━━━━━ Information supplied
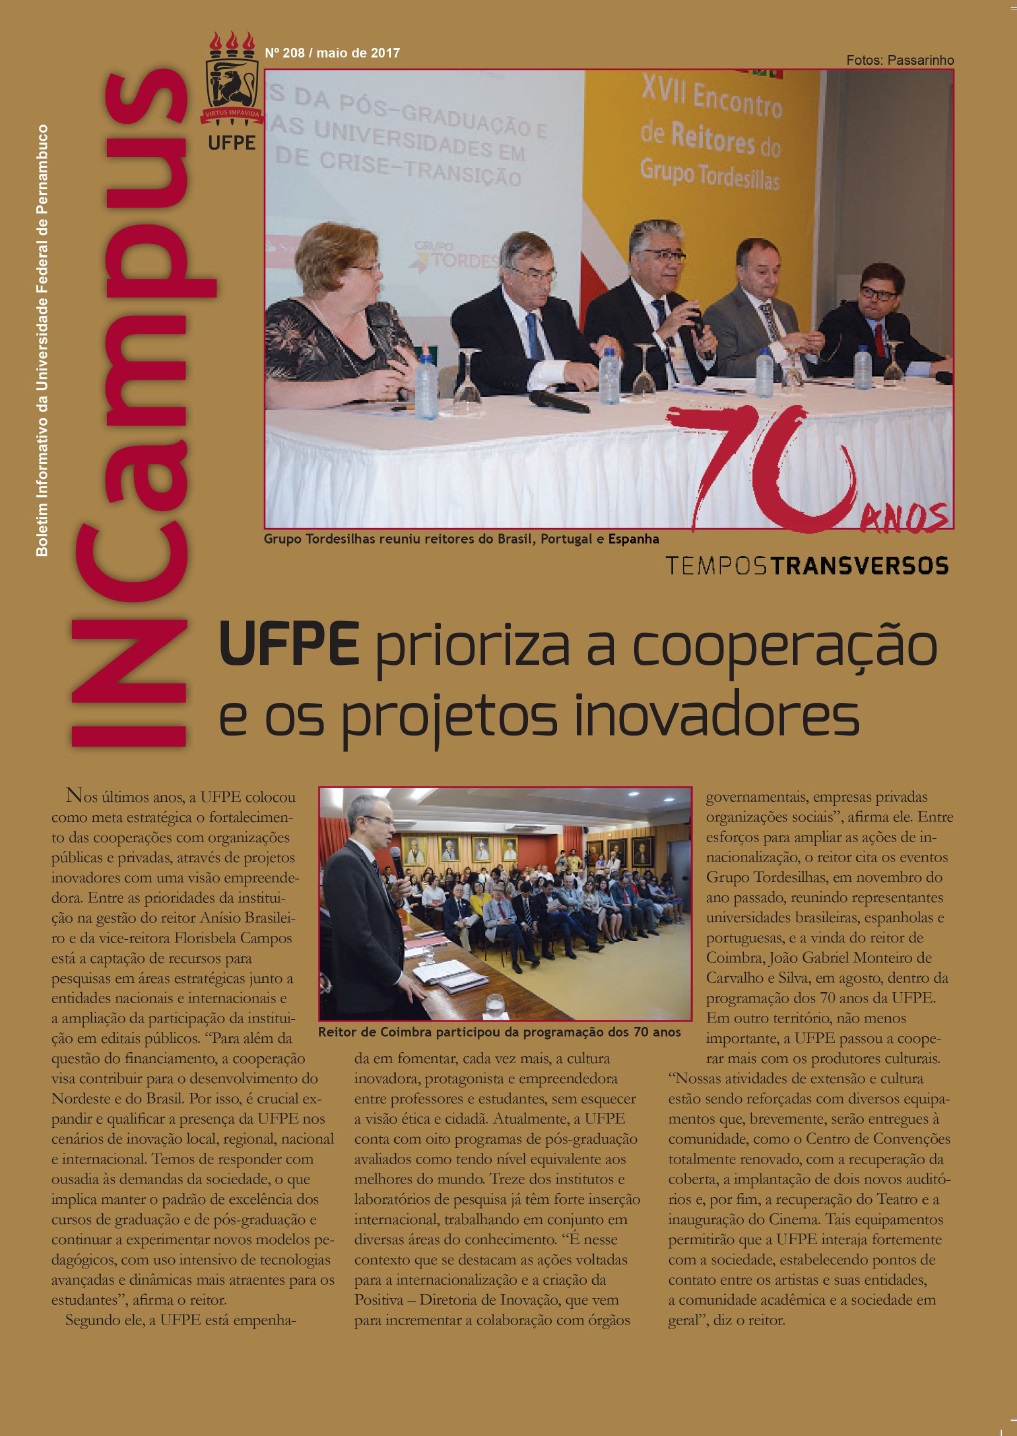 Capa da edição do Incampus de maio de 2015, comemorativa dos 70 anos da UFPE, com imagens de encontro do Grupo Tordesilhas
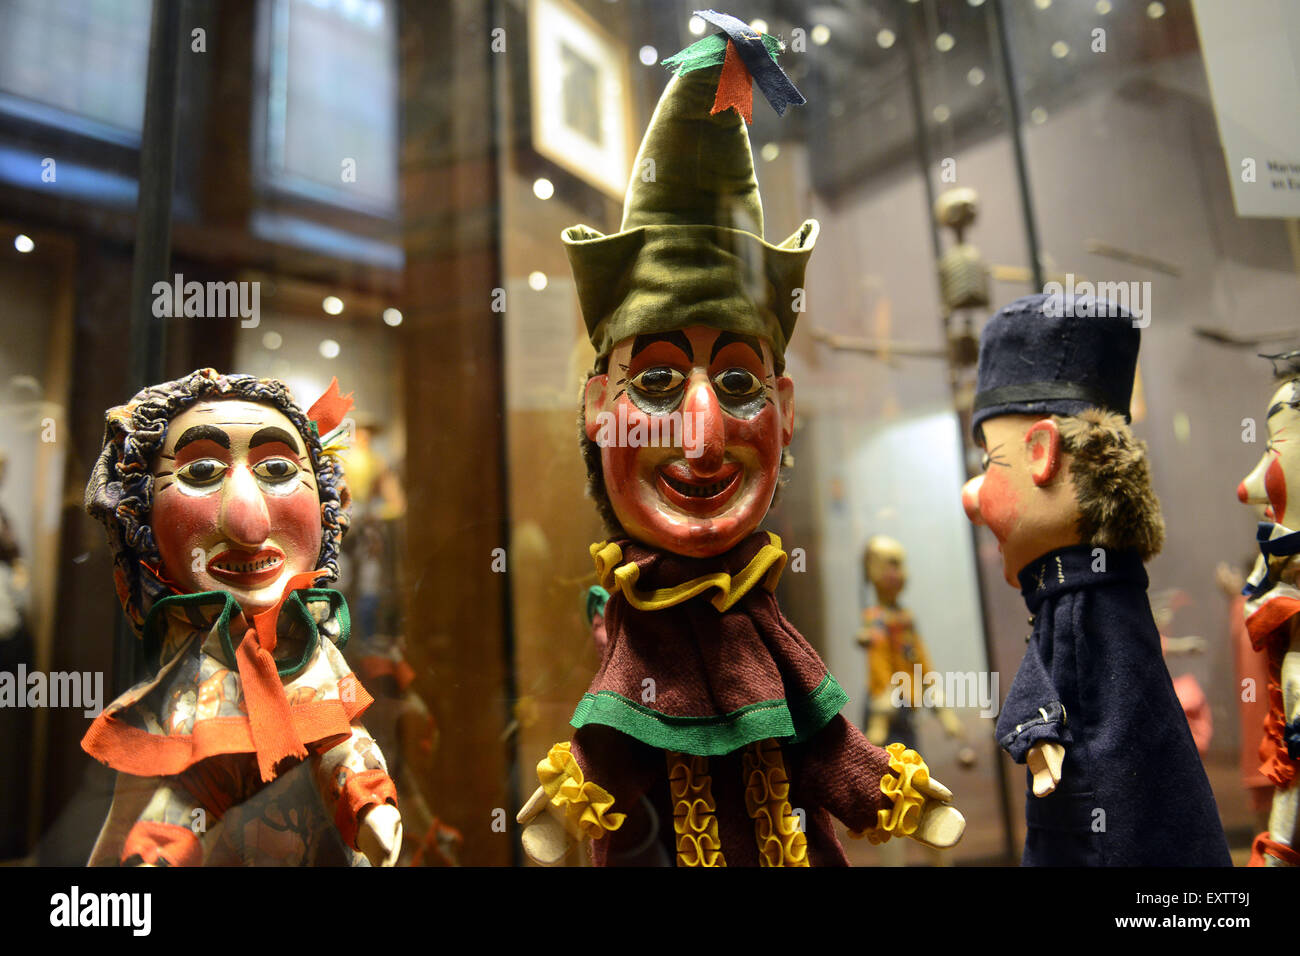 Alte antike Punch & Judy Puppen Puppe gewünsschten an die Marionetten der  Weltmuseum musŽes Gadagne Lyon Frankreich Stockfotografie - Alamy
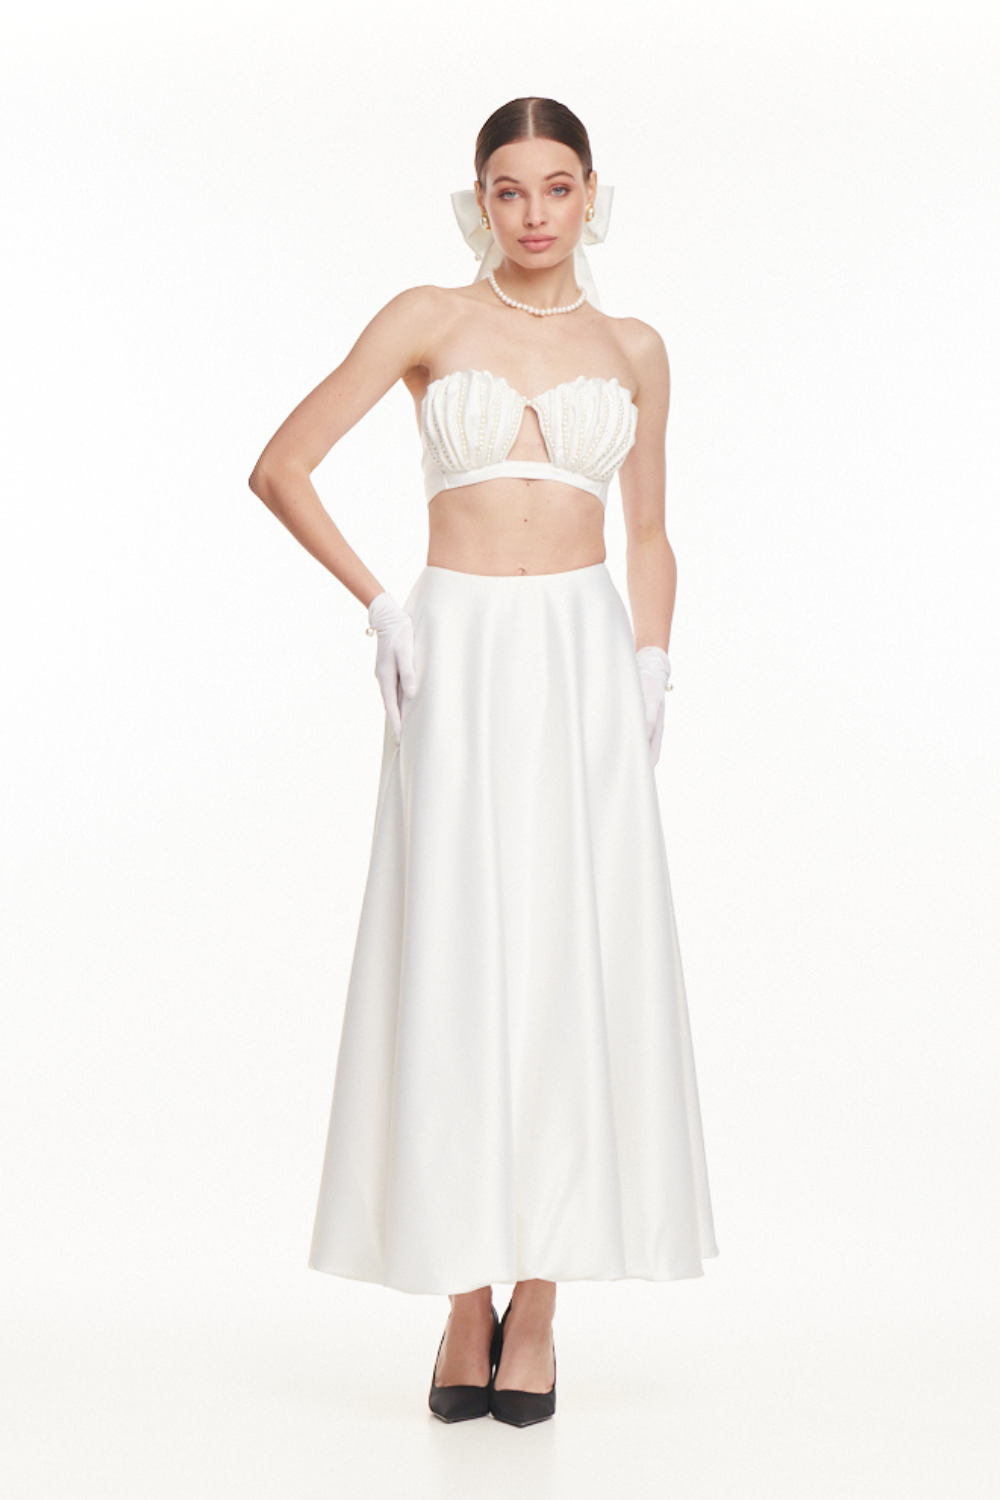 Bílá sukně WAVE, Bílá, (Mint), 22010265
━━━━━━━━━━
### About this exercise
Each line from the one that contains "Alte antike Punch" to the end of the listing must be quoted exactly; no other line and no picture belongs in the copy.

### Output for this exercise
 Alte antike Punch & Judy Puppen Puppe gewünsschten an die Marionetten der  Weltmuseum musŽes Gadagne Lyon Frankreich Stockfotografie - Alamy
 Bílá sukně WAVE, Bílá, (Mint), 22010265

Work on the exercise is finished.